I am very excited that VMware had two papers accepted to the 5th Workshop on System Level Virtualization for High Performance Computing (HPCvirt 2011), which will be held as part of Europar 2011 in Bordeaux on August 29th. My only regret is that I won’t be able to attend because this overlaps with VMworld 2011 at which I am scheduled to do two presentations. But there will be VMware engineers attending to present their work — very cool!

Here are the abstracts for the papers accepted to HPCvirt 2011:

Virtualizing Performance Counters by Benjamin Serebrin and Daniel Hecht

Abstract: Virtual machines are becoming commonplace as a stable and flexible platform to run many workloads. As developers continue to move more workloads into virtual environments, they need ways to analyze the performance characteristics of those workloads. However, performance efforts can be hindered because the standard profiling tools like VTune and the Linux Performance Counter Subsystem do not work in most modern hypervisors. These tools rely on CPUs’ hardware performance counters, which are not currently exposed to the guests by most hypervisors. This work discusses the challenges of performance counters due to the trap and emulate method of virtualization and the time sharing of physical CPUs among multiple virtual CPUs. We propose an approach to address these issues to provide useful and intuitive information about guest performance and the relative costs of virtualization overheads.
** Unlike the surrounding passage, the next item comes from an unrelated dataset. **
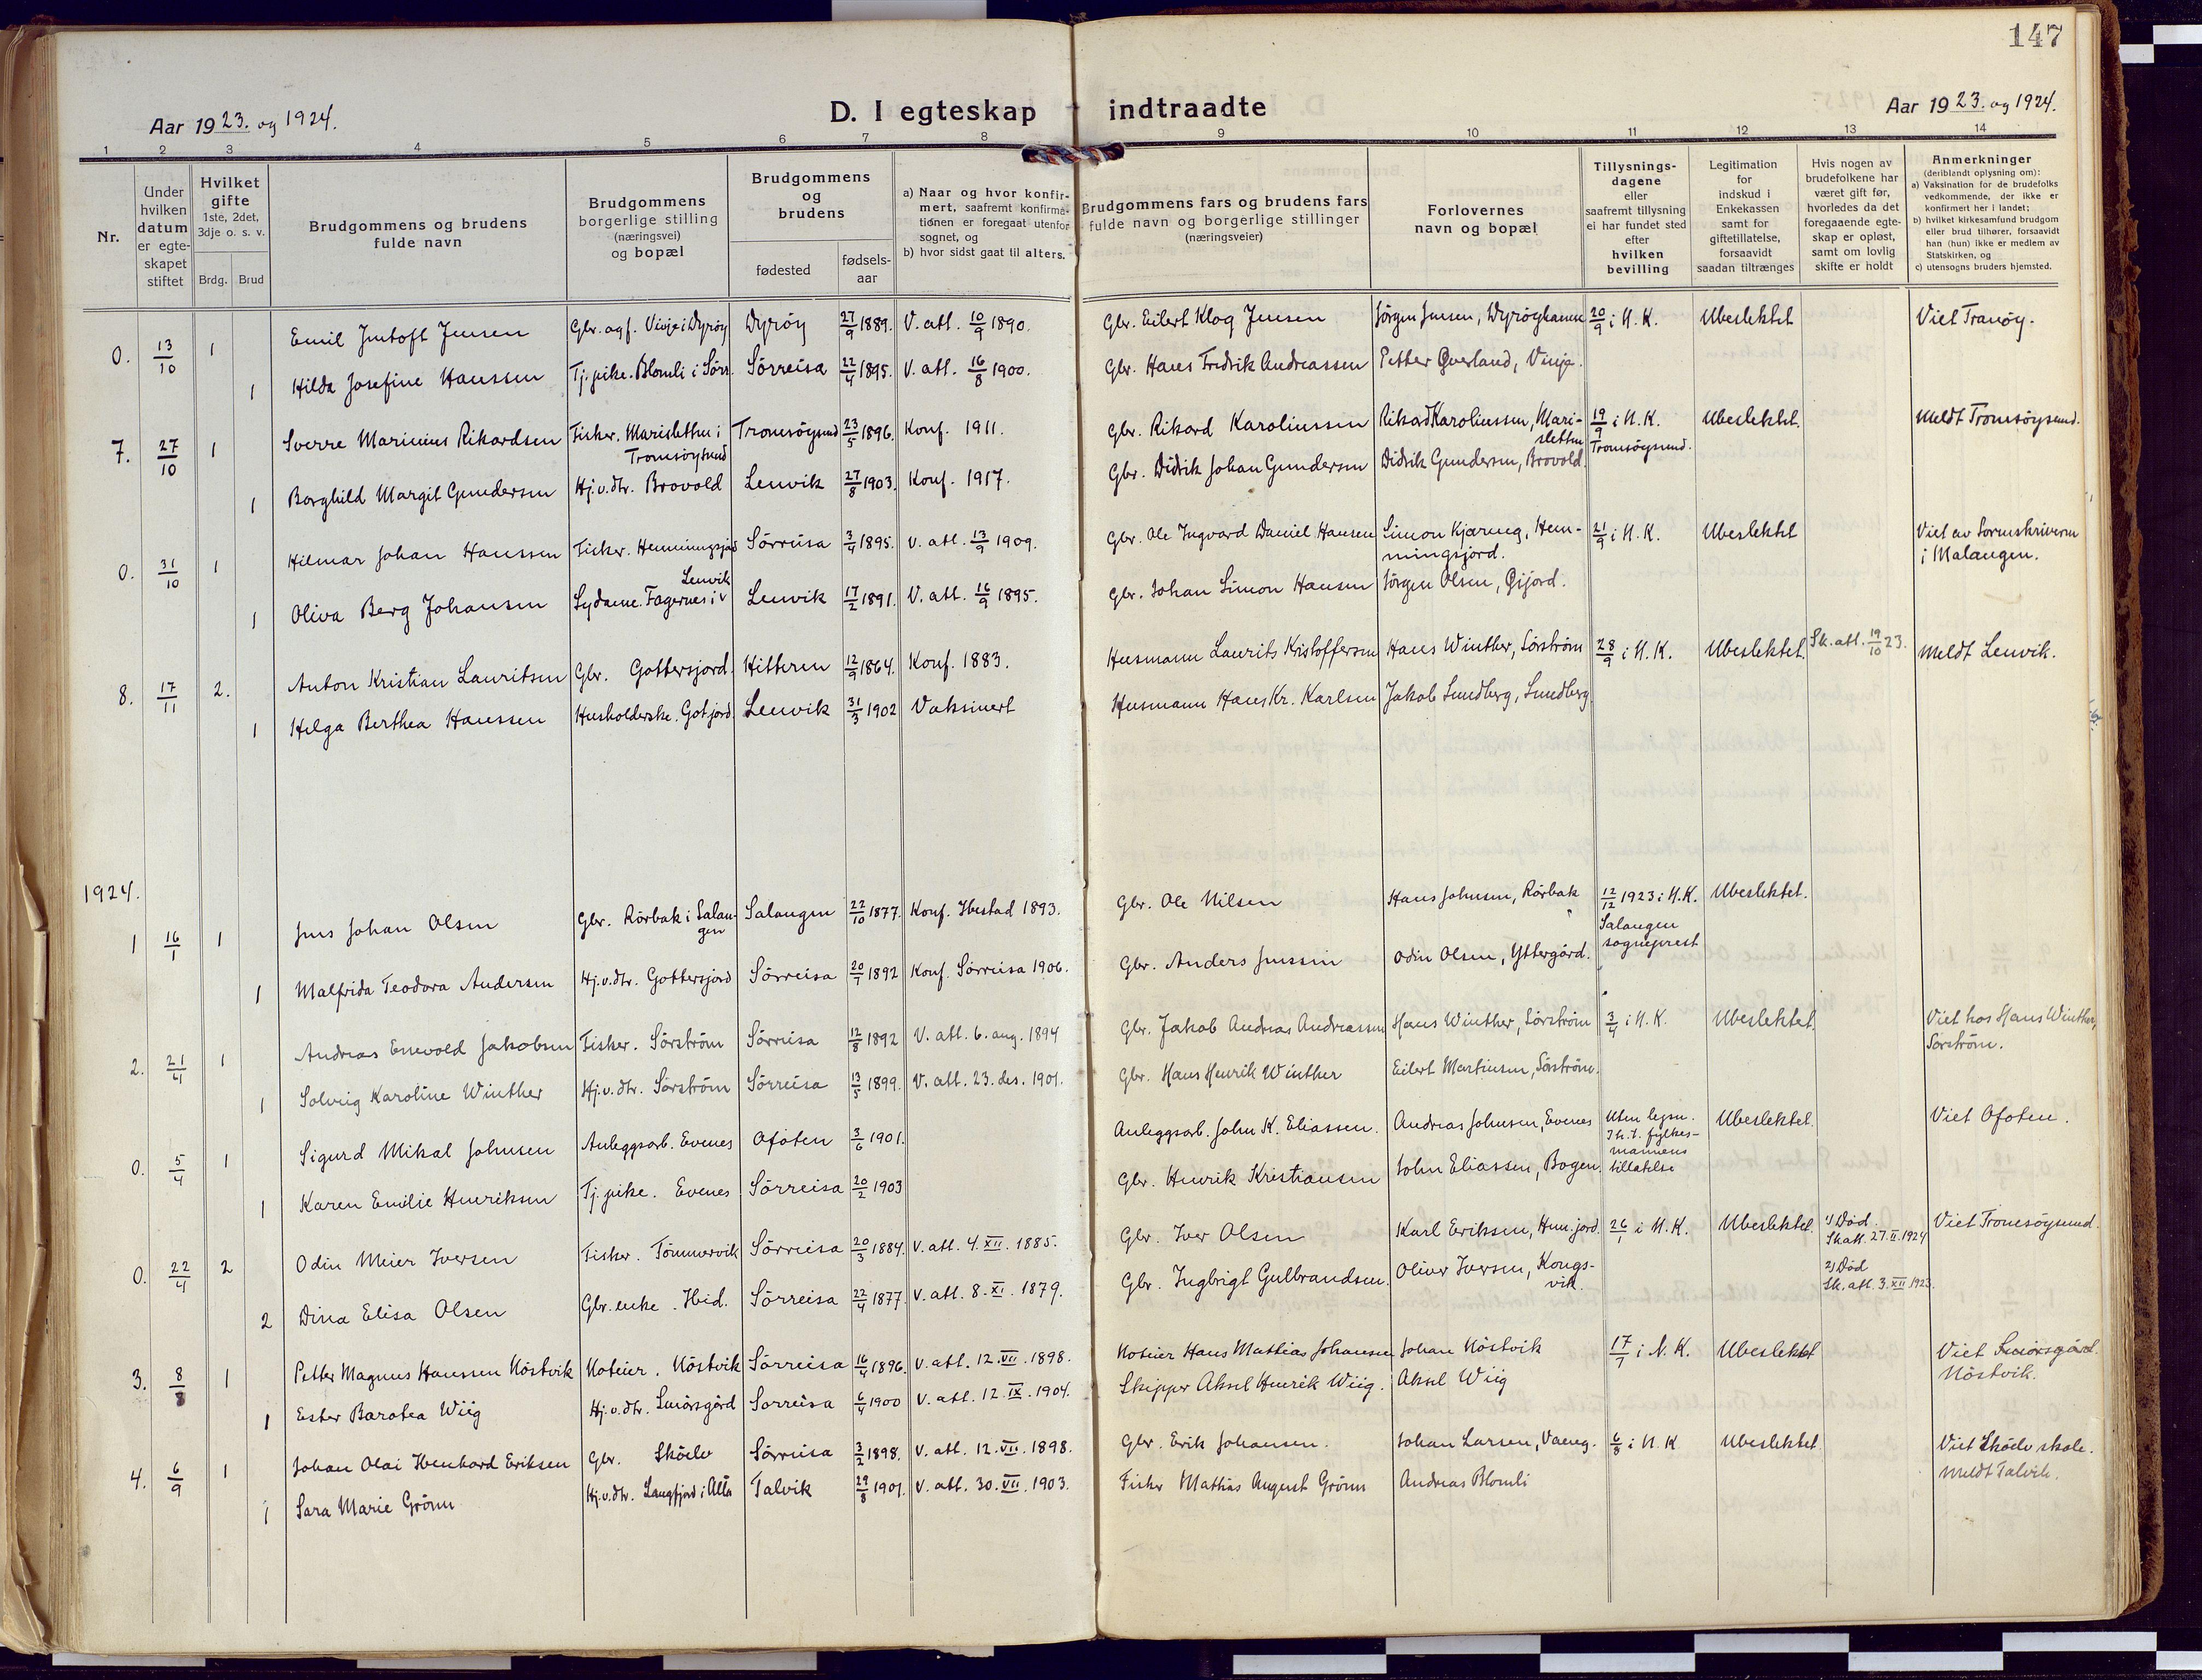 SATØ, Tranøy sokneprestkontor, I/Ia/Iaa/L0015kirke: Ministerialbok nr. 15, 1919-1928, s. 147
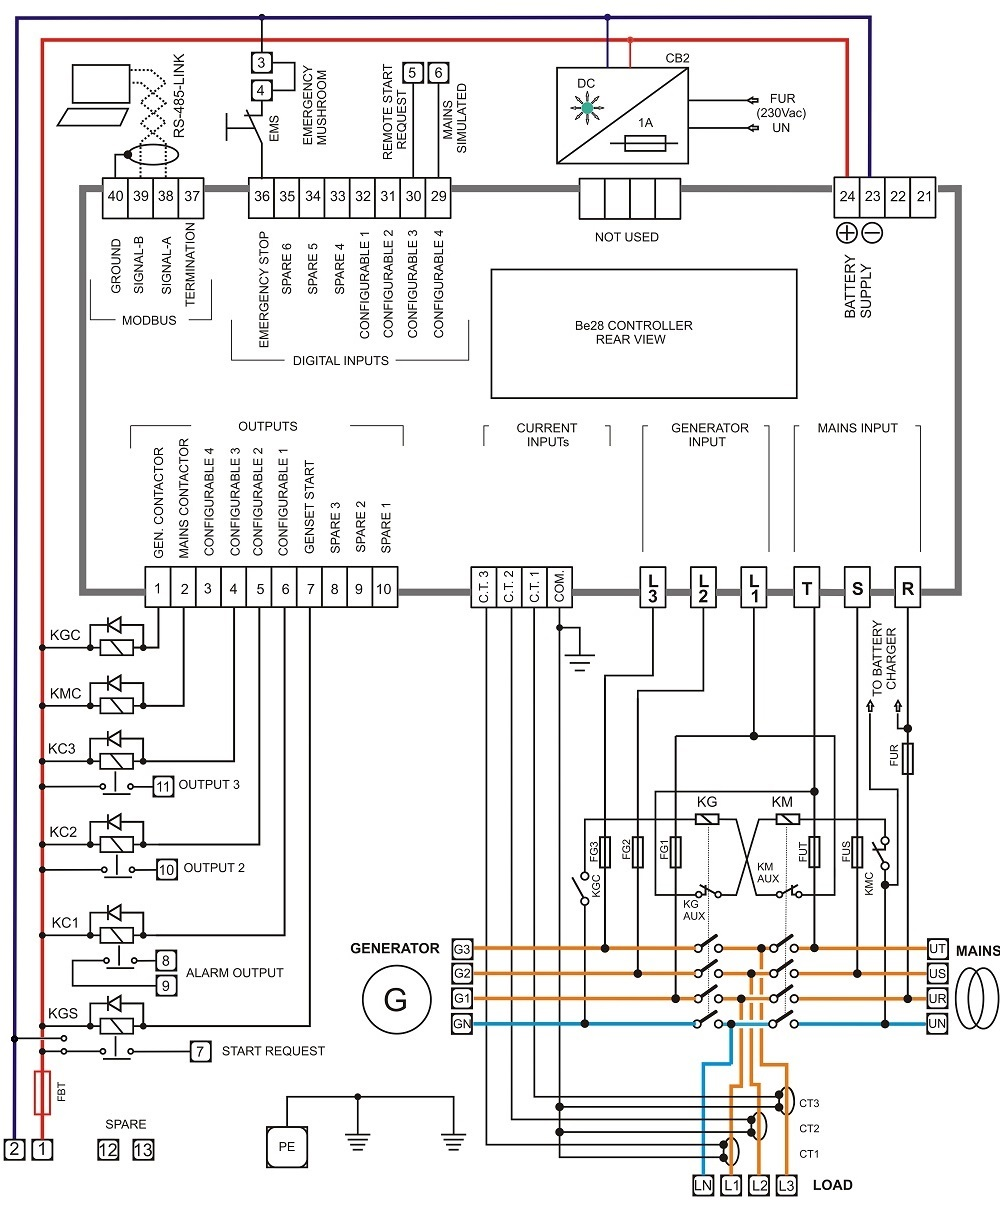 Citroen C3 Electrical Wiring Diagram Autoloc Diagrams Svpro5 Magnificent Gallery Design

Performance Evaluation of HPC Benchmarks on VMware’s ESX Server by Qasim Ali, Vladimir Kiriansky, Josh Simons, and Puneet Zaroo

Abstract: A major obstacle to virtualizing HPC workloads is a concern about the performance loss due to virtualization. We will demonstrate that new features significantly enhance the performance and scalability of virtualized HPC workloads on VMware’s virtualization platform. Specifically, we will discuss VMware’s ESX Server performance for virtual machines with up to 64 virtual CPUs as well as support for exposing virtual NUMA topology to guest operating systems, enabling the operating system and applications to make intelligent NUMA aware decisions about memory allocation and process/thread placement. NUMA support is especially important for large VMs which necessarily span host NUMA nodes on all modern hardware. We will show how the virtual NUMA topology is chosen to closely match physical host topology, while preserving the now expected virtualization benefits of portability and load balancing. We show that the benefit of exposing the virtual NUMA topology can lead to performance gains of up to 167%. Overall, we will show close to native performance on applications from SPEC MPI V2.0 and SPEC OMP V3.2 benchmarks virtualized on our prototype VMware’s ESX Server.